December was a great month for the U.S. financial sector and for my Financial Services model. And 2012 overall was a great year for my Financial Services model. It was not without volatility, but the positive results were above expectations.
On BAC, the market appears to have agreed with my earlier position that the previous discount to tangible book value was excessive. In May 2012, I had added to the position in BAC after the thesis appeared to be firming, and as of December 27, 2012, the stock is the 2nd largest position in my Financial Services portfolio.
I continue to like BAC going into 2013. I will reiterate my position from January 2012: the bank has taken very specific action steps to reduce non-earning assets and non-core investments to build capital ratios and simplify the business. The continued discount to tangible book value to me appears excessive, based on continued earnings, prior reserves, and ultimate long-term earnings power of BAC.

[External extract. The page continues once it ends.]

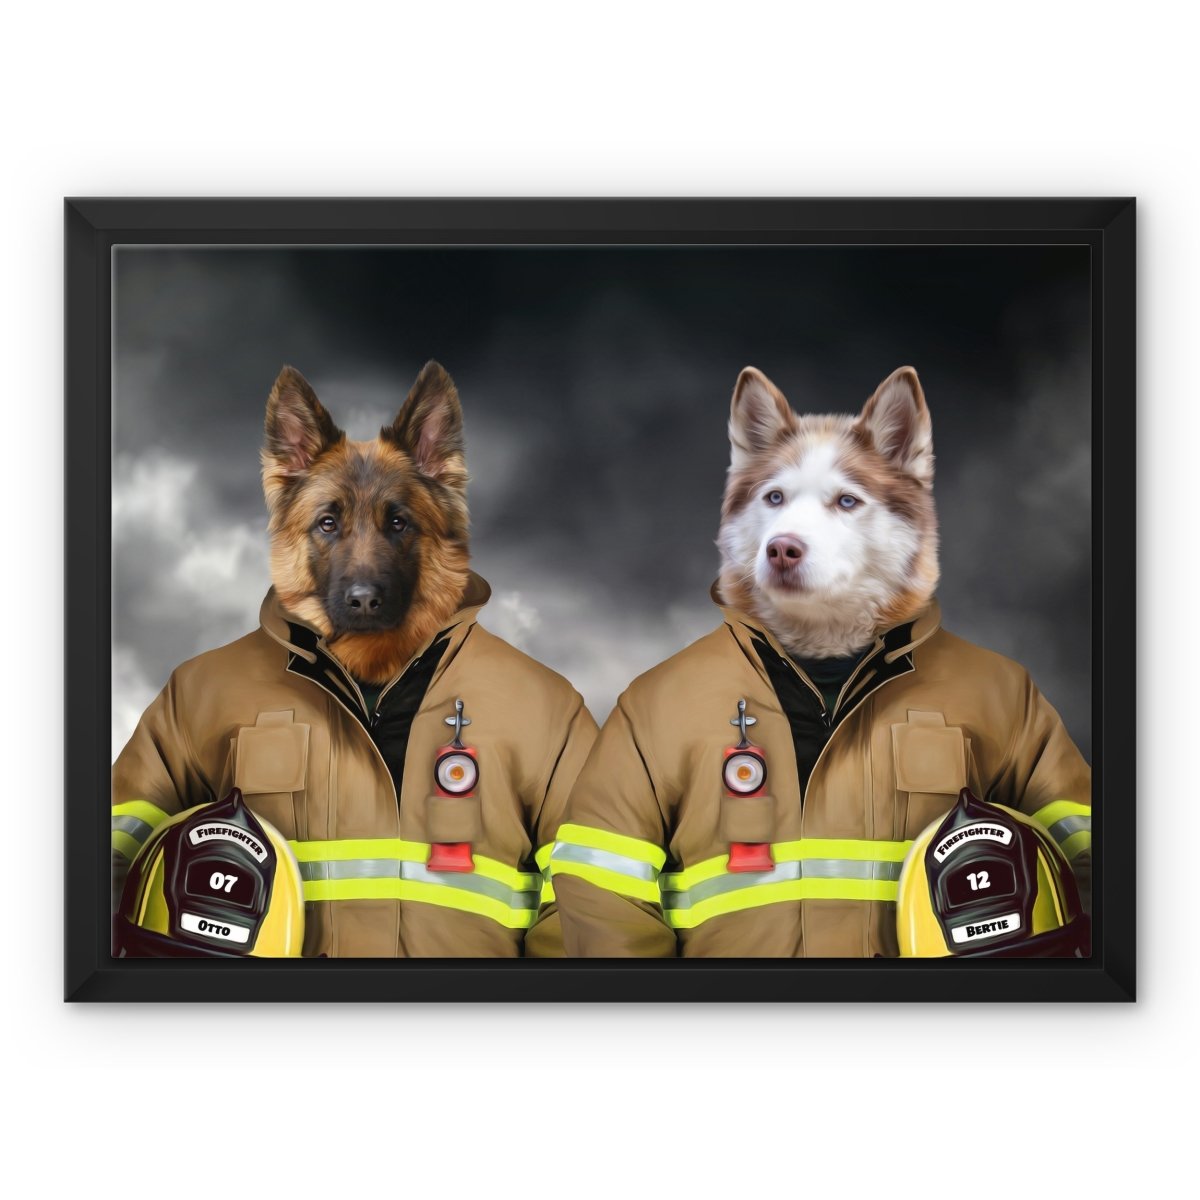 The Firemen: Custom Pet Canvas - Paw & Glory - #pet portraits# - #dog portraits# - #pet portraits uk#paw & glory, pet portraits canvas,dog photo on canvas, dog canvas painting, the pet canvas, dog canvas wall art, dog portrait canvas

Unfortunately, on the other side of the coin, I was wrong on my outlook for 2012 for TWGP. The stock, according to Google Finance, has year to date returns of negative 10.26%. The business had reserve adjustments, Hurricane Sandy, and announced a merger that is expected to close in early 2013. Overall, the performance did not meet expectations; however, I believe the stock continues to be attractively priced, has a good dividend yield, and has a positive outlook after the closing of the merger.
Over the final days of 2012 and the likely the early days of 2013, the government will be wrestling with the fiscal cliff. In my opinion, it’s important investors to not get sucked into making portfolio decisions based on political events and macro events that are difficult to project and hard to get a full handle on all their implications. It is more important to focus on fundamental analysis on the stocks in the portfolio to understand and feel comfortable with the outlook and position sizes of each.
In 2013, the stocks to watch in the portfolio are BAC and American International Group (AIG). I have touched on BAC. AIG provides a similar story, but one that has further developed in Q4 2012. AIG has successfully separated itself from the ownership by the US Treasury and has raised significant cash through sales of ownership stakes in non-core assets.
In my opinion, the company trades at a significant discount to book value and is taking actionable steps to firm up its earnings and balance sheet strength.
These actions reduce risk and the likelihood of any repeat of the events that occurred during the Great Recession. I look forward to more market clarity on the long-term earnings power of AIG and the closing of the gap between the current price and the book value per share of the firm.
This portfolio is structured to provide dividend income with a target minimum yield of 3%. This provides a stable return of capital during the market volatility that can be redeployed into new opportunities or to add to existing positions.
Disclosures: The investments discussed are held in client accounts as of December 1. These investments may or may not be currently held in client accounts. The reader should not assume that any investments identified were or will be profitable or that any investment recommendations or investment decisions we make in the future will be profitable.
Certain information contained in this presentation is based upon forward-looking statements, information and opinions, including descriptions of anticipated market changes and expectations of future activity. The manager believes that such statements, information and opinions are based upon reasonable estimates and assumptions. However, forward-looking statements, information and opinions are inherently uncertain and actual events or results may differ materially from those reflected in the forward-looking statements. Therefore, undue reliance should not be placed on such forward-looking statements, information and opinions.